Few things not right about this

  1. I clarified in the thread it wasn't love it was a crush / lust, I used the wrong word
  1. I wasn't clear 'are all the good men taken' was a question, not a statement
  1. I only went on one more date with him after there was any mention of SA accusations and they were very vague at that point, I didn't 'stay with him' we were never an official/serious item
OP posts:
DaisyChain505 · 15/07/2025 14:05

You don’t need a million excuses to end it with him. You just say,

”I’m really sorry but given the information about the accusations against you and all of the drama you’re going through with your kids and ex, I don’t think this is the time for you to be in a relationship. As much as I’ve had a nice time with you I need to prioritise my child and their wellbeing.”

Dealing with ex’s, kids and long drawn out court battles is absolutely draining and so so stressful. This should only be something you’d go through with someone who you know is 100% worth it and is going to be your life partner. Not someone you’ve dated for a few weeks.

WondererWanderer · 15/07/2025 14:38

DaisyChain505 · 15/07/2025 14:05

You don’t need a million excuses to end it with him. You just say,

”I’m really sorry but given the information about the accusations against you and all of the drama you’re going through with your kids and ex, I don’t think this is the time for you to be in a relationship. As much as I’ve had a nice time with you I need to prioritise my child and their wellbeing.”

Dealing with ex’s, kids and long drawn out court battles is absolutely draining and so so stressful. This should only be something you’d go through with someone who you know is 100% worth it and is going to be your life partner. Not someone you’ve dated for a few weeks.

She's ended it. Did you read the thread?

Devonshiregal · 15/07/2025 21:57

FreesiaFairy · 15/07/2025 13:28

Few things not right about this

  1. I clarified in the thread it wasn't love it was a crush / lust, I used the wrong word
  1. I wasn't clear 'are all the good men taken' was a question, not a statement
  1. I only went on one more date with him after there was any mention of SA accusations and they were very vague at that point, I didn't 'stay with him' we were never an official/serious item

So it was a Freudian slip?

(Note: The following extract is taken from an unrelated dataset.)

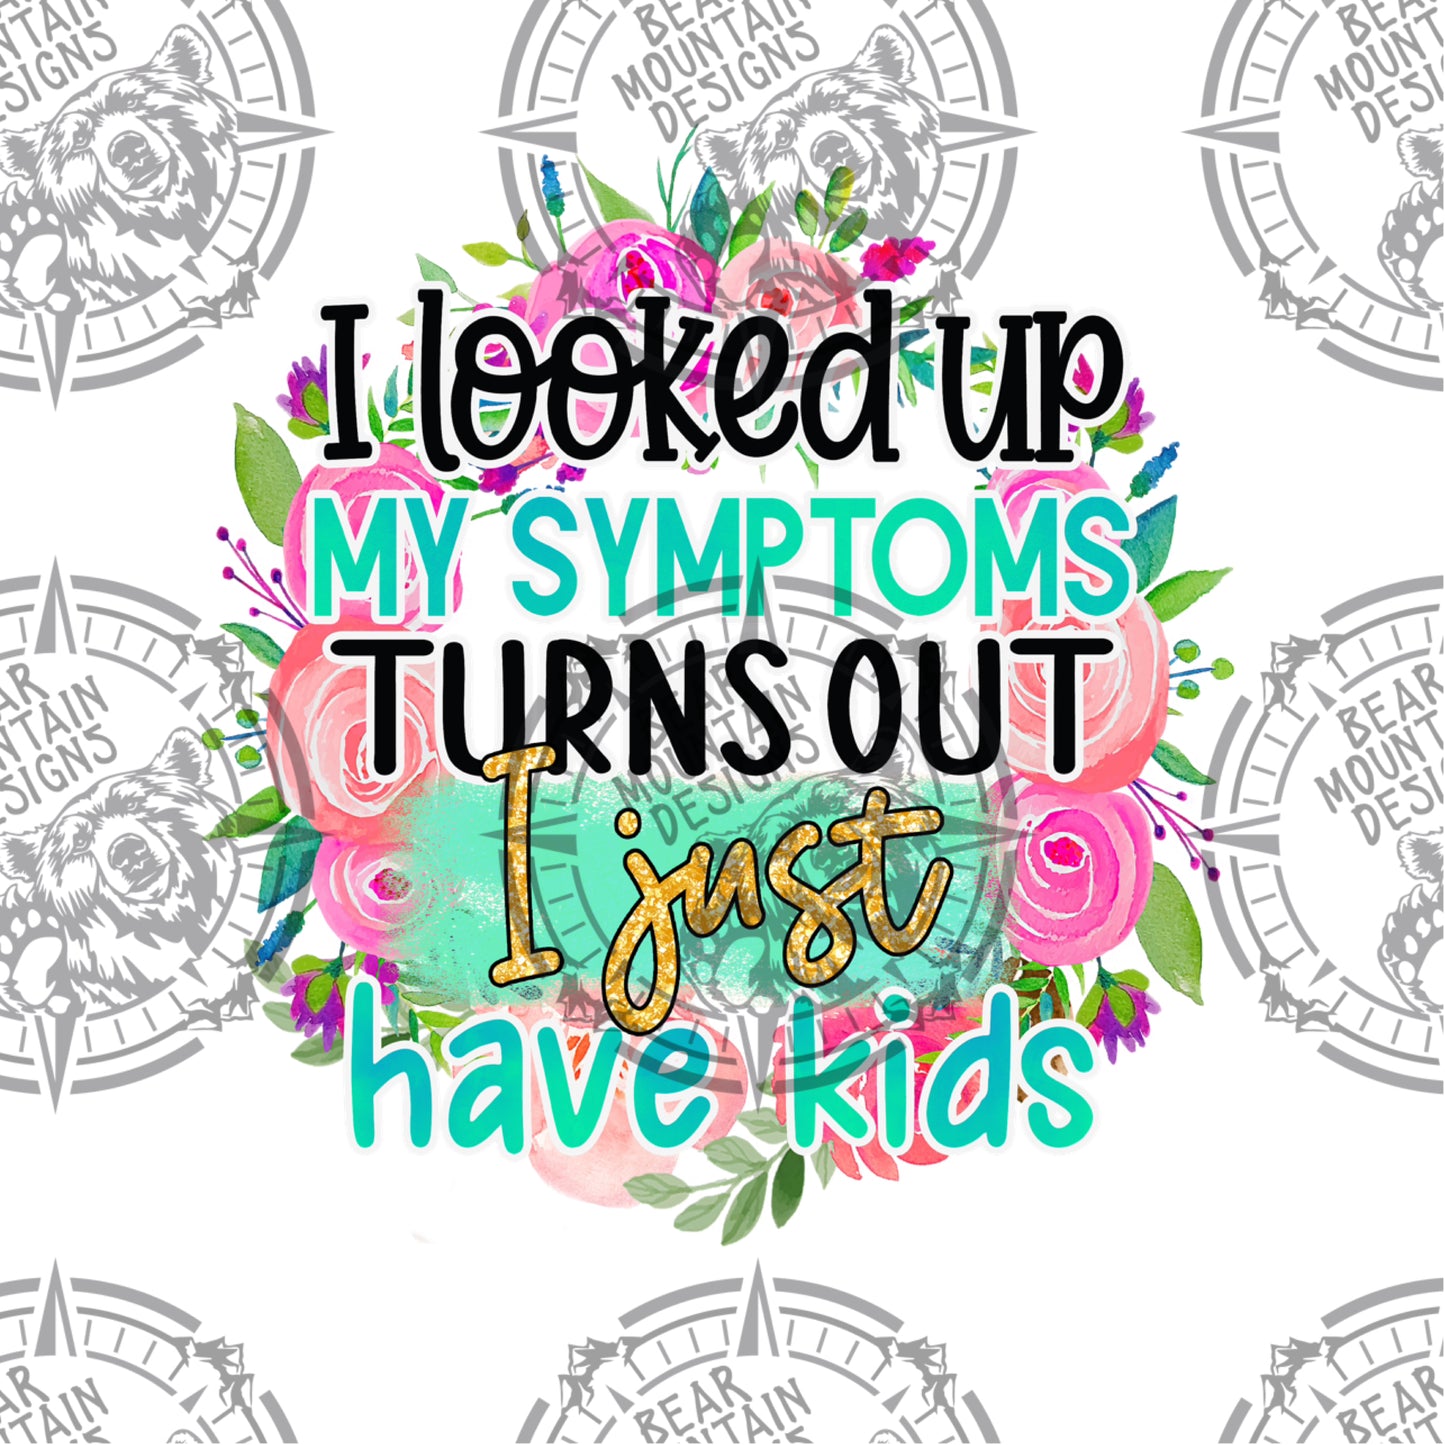 Looked Up My Symptoms Turns Out I Have Kids

It’s not really easy to ‘accidentally’ say you love someone. And you were pretty insistent he was amazing and wonderful etc

You didn’t make a statement but you did ask whether all the good men are taken - it’s a very serious allegation this man has against his name and this is the type of comment you make when you find out someone cheated on you in the first 6 weeks or that they have a weird but harmless fetish or something…

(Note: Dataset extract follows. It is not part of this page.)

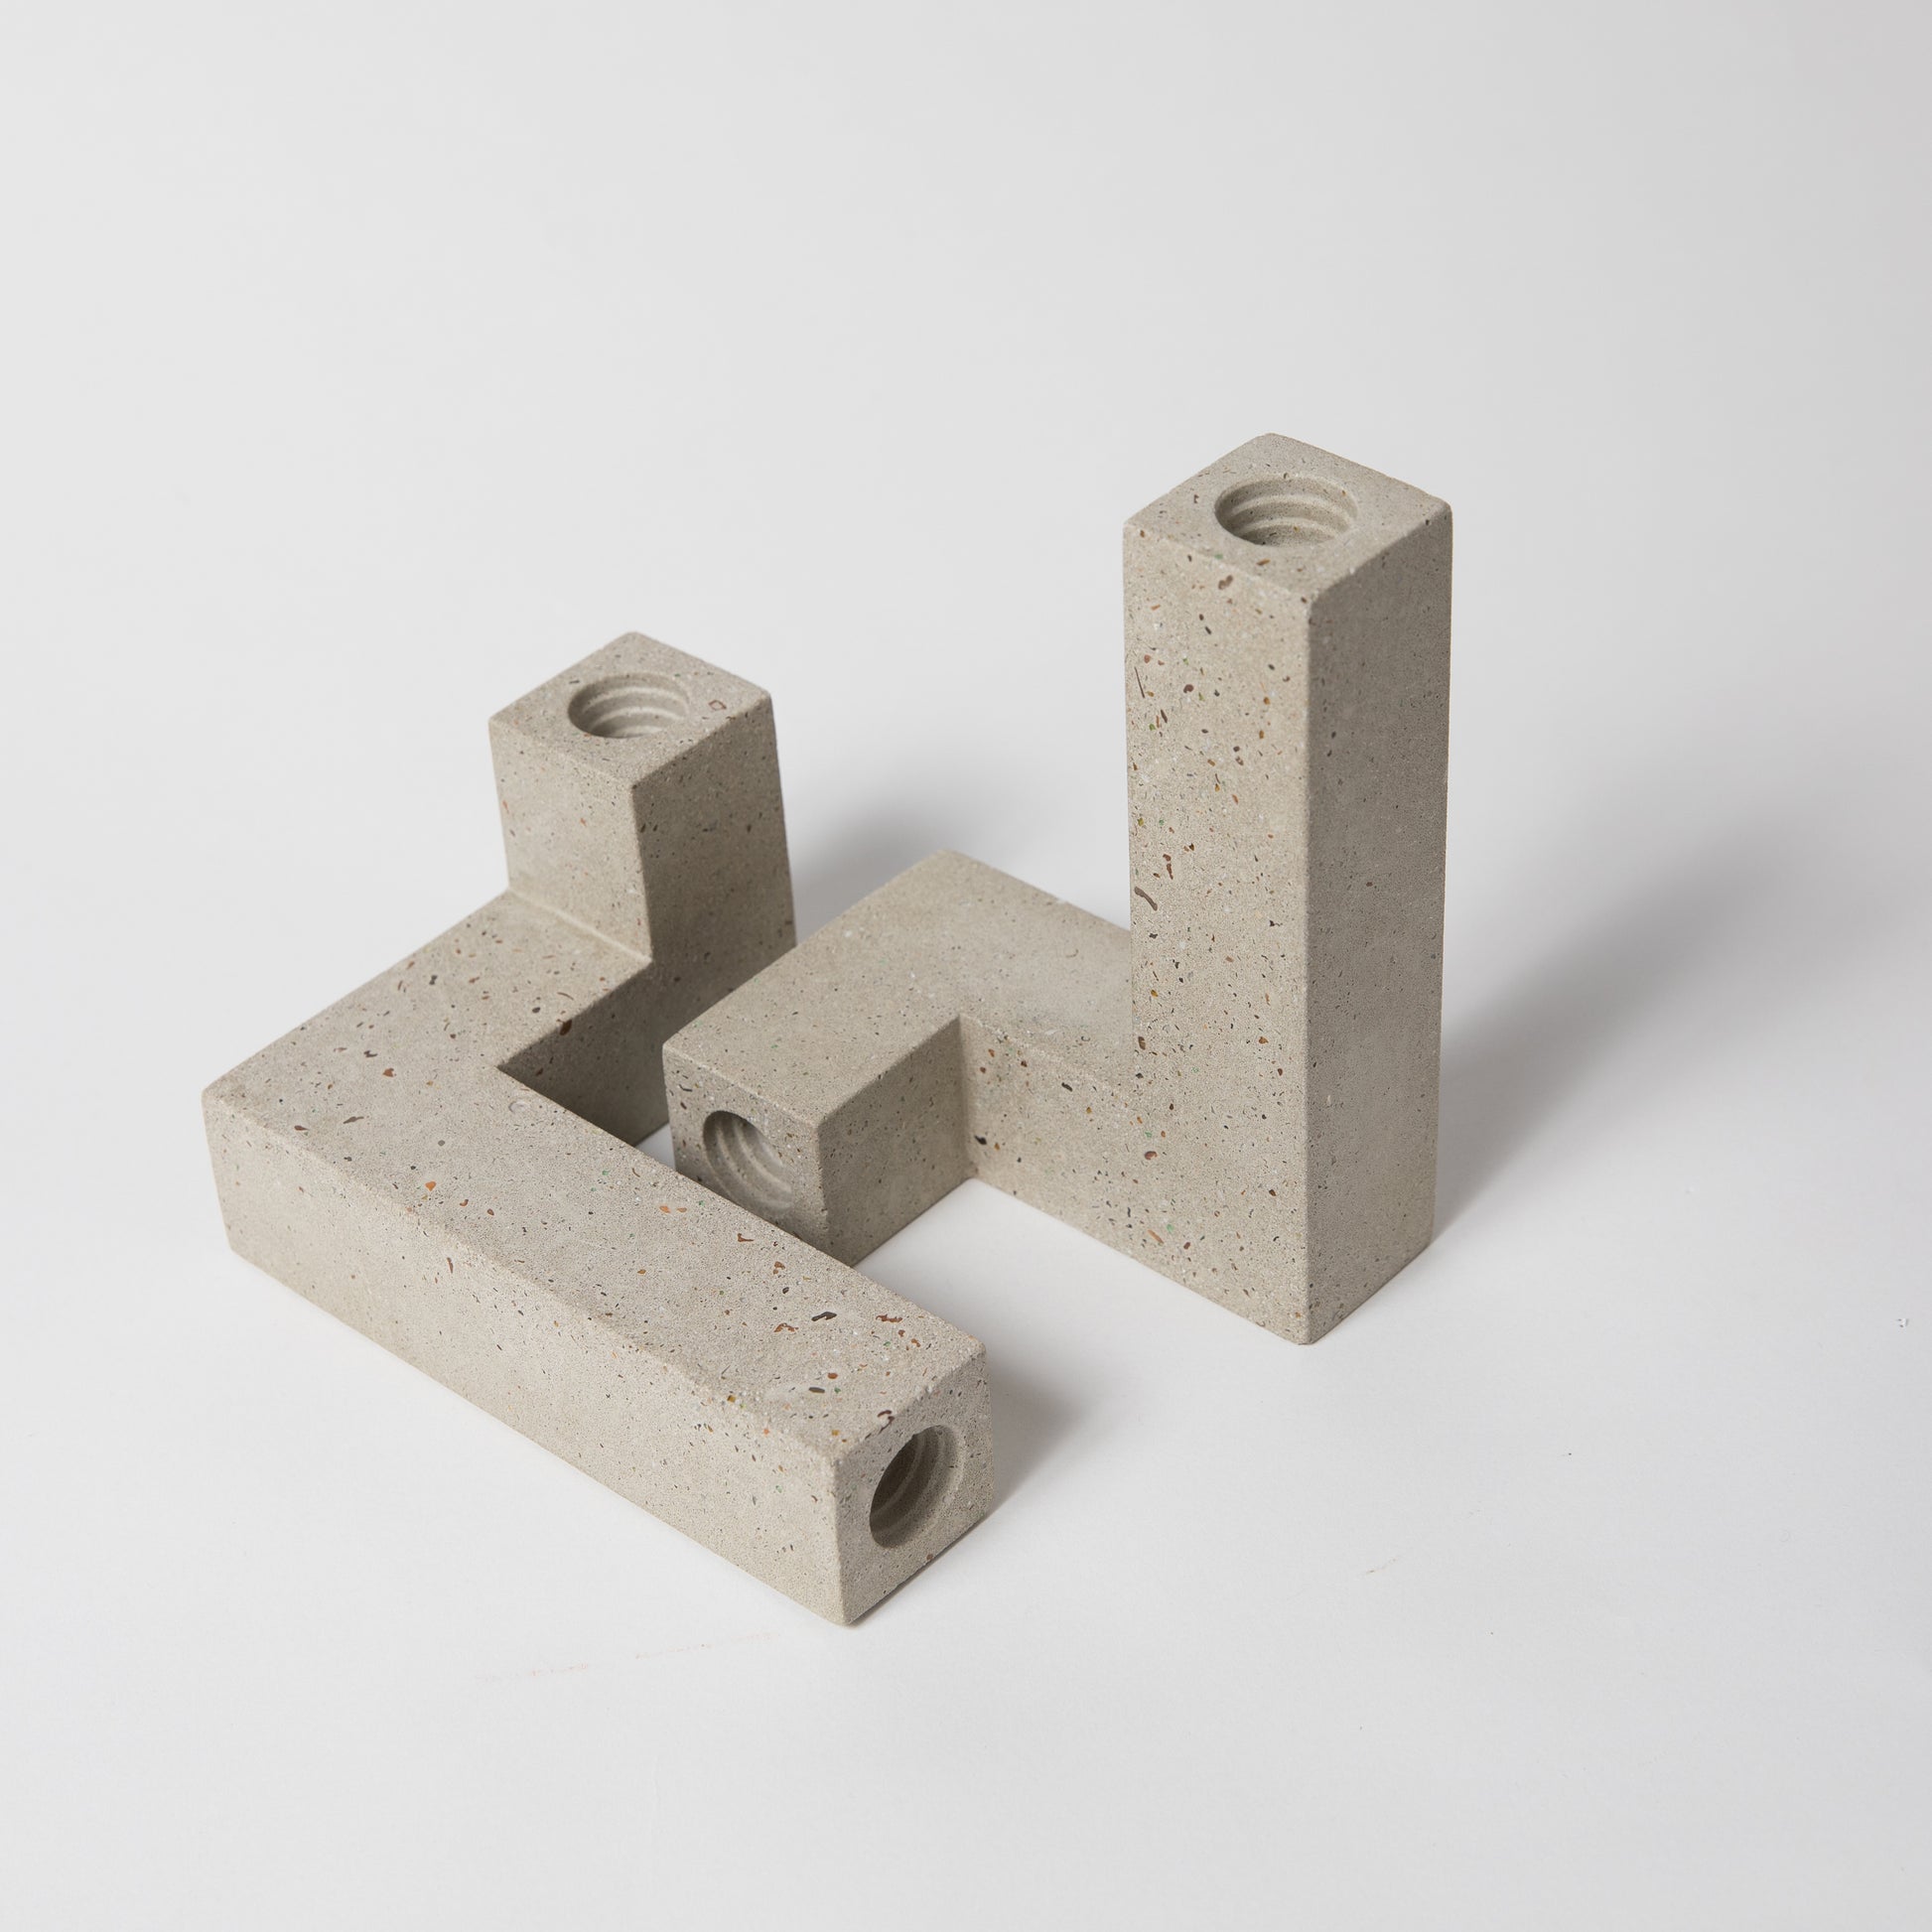 Concrete candlestick holder, set of 2 in natural terrazzo.

you “only” went on one more date after you found out he may or may not have sexually assaulted a child? ok…

there was probably another one but I can’t remember and don’t really see why you’re nitpicking these little things rather than addressing the point of my post but whatever - look to me, your reaction is not that of a person who has a healthy relationship with men and, as this is a public forum where you ASKED for opinions, I thought I’d give mine.but I assumed you were just like many of us with a touch of the low self esteem… Of course may you’re just the type of person who will justify disgusting behaviour if you fancy the person, I don’t know.